What is HDR and why is it important?

   Imagine you go to the park on sunny day with a few puffy clouds in the sky.
 The grass is a rich green and the sky a deep blue with brilliant white clouds.  Sitting in the shade of a tree you see someone reading a magazine.

  It's a typical scene and you can see all aspects of it at once.  You take out your digital camera to make a record of this and you end up frustrated.  You can take a picture of the green grass but then the sky is a washed out blue and it's hard to see who is sitting in the shade of the tree.  You can photograph the sky but then the grass turns out dark and you can't even see the person in the shade of the tree.  Or you can photograph the person but when the green grass looks mostly white and the sky itself is all white like a bulb.

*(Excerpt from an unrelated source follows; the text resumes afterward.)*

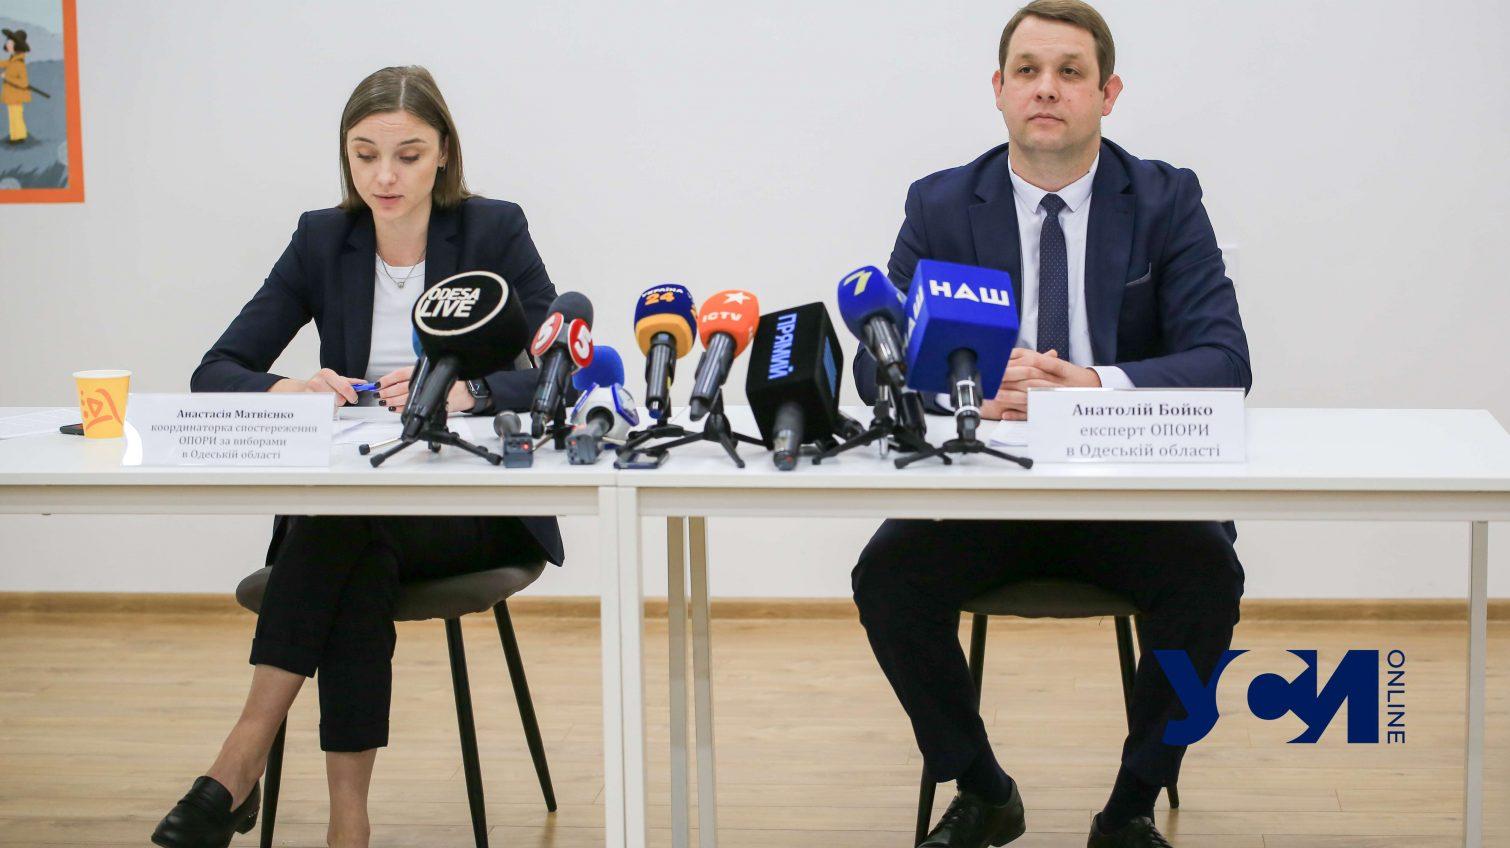 Итоги: как прошли выборы в Одесской области «фото»

  The problem is that digital cameras can take pictures over a range of light intensities that's far less than our eyes and brain can perceive.  So you have to chose which of the three parts of the beautiful park scene you want to record and that's just frustrating.

 This is where High Dynamic Range photography comes in.   With HDR you take a sequence of pictures with the exposure set to capture three different ranges of light intensities.  You keep the camera still - you just change the exposure settings (generally just the shutter speed since aperture changes can change the focus).    Then you use special software to combine the three pictures into one, using the properly exposed parts from each picture.

 In our park example you might take one picture at the normal exposure determined by the camera to be suitable for this scene.  Then you would overexpose the next shot by two F stops and underexpose the next shot by two F stops.

 The preceding picture of the view of San Francisco from the beach was done that way.  That allowed the grass near to camera to be exposed for properly as well as the sky which was much brighter than the ground, even on this cloudy day.

  In subsequent posts we'll got through some examples and discuss the software.


Monday, March 21, 2011

A view of San Francisco taken from an Alameda beach.

This is an example of a High Dynamic Range (HDR) photograph.  It's a composition of three photographs taken in sequence, each with a different exposure.    I'll have more to say about HDR in a later post.